Congratulations to the selected photographers and to everyone else: enjoy!

Join the discussion on Facebook, Instagram and Twitter and thank you to everyone who submitted their work.


“There’s an elegance to Ruslan’s compositional choice, with the religious paintings, flowers and statues closely framing these two women on each side – you can tell that it’s been set up with care and purpose. Despite that formality, there’s a warmth and unaffectedness to it – their sideways glances, into a natural light just out of shot strikes you as an apt reflection on faith. It evokes a strong sense of quiet companionship, and you’re drawn to the details – the positioning of their hands, the various fabrics, the leaves… but there’s a calmness, despite the level of visual information to absorb”. – Life Framer


“Donnell’s image is immediate and absorbing – the silhouetted figure in Burka facing off with both her shadow and the huge eyes staring back at her, against an apocalyptic, fiery sky. It’s a brilliantly composed scene which finds something cinematic and symbolic, and highly relevant in today’s political climate, in what is an unexpected setting – a Guinness World Record attempt in Dubai for the biggest collaborative graffiti painting in the world, in commemoration of its 44rd National Day Celebration.
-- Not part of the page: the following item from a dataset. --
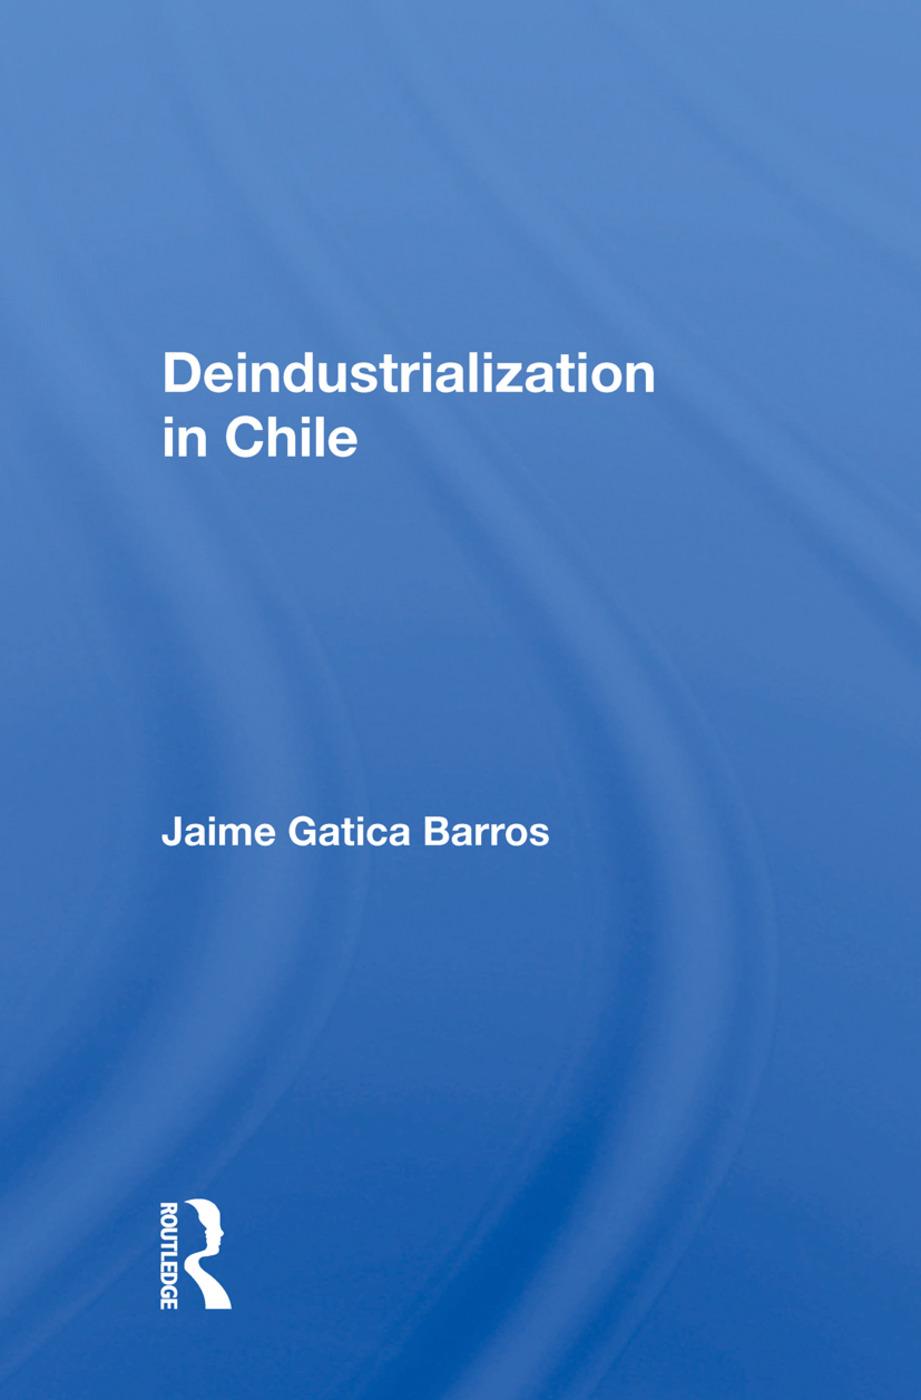 Deindustrialization in Chile

What works is how Donnell has distilled the scene down to just these two women, and in doing so highlighting and celebrating them, in a part of the world where women’s rights are so contentious”. – Life Framer


“Tariq’s image of a Kazakh-Mongolian nomad on the search for graze during Mongolian winter, distils perfectly the idea of ‘World Travelers’ – adventurous and awe-inspiring. The sense of scale in the journey and the harshness of the bitter, icy cold is tangible through the frame, well-composed with the sheep cutting a diagonal line across the scene. Tariq has captured a dynamism in the nomad, and a sense of the vastness of the landscape, and the result is mesmerizing” – Life Framer


“Claudio’s portrait, from his series ‘Everyone Lives in the Same Place Like Before’ is an intimate depiction of two South African teenagers. He provides little contextual embellishment, the background unobtrusive and washed out by the gorgeous natural light, and so the subjects take centre stage. This is about them and them alone, and it allows their relationship to take centre stage. The interplay is fascinating – one appears guarded in his expression, the other more open, and they stand in a natural, gangly embrace. It perfectly captures both a fragility and a toughness – a glimpse of openness beyond a hardiness necessary to live in such a harsh environment. It’s a powerful, honest portrait – where the photographer’s influence is subtle but paramount” – Life Framer


“Dario’s image of refugees in Bangladesh halts you completely. The man’s penetrating eye contact, juxtaposed with the baby at rest is haunting. His eyes tell of the hardship he must have endured on his journey, and the visual device of obscuring more than half of the frame, the viewer distinctly separated from him, is an effective reminder of how little we will understand of it. It’s an image with a true intensity – a powerful treatment of a difficult subject” – Life Framer


“The bedroom is such a fascinating setting for photography – a peak into our lives at their most unguarded, where we keep our most personal and treasured possessions. There have been many wonderful photography projects of subjects in their bedrooms, and the reason is perhaps twofold – these settings tend to tell us so much about the character, but they also signify a trust between photographer and subject that often leads to magical results. You can’t just invite yourself in to photograph someone’s most personal space.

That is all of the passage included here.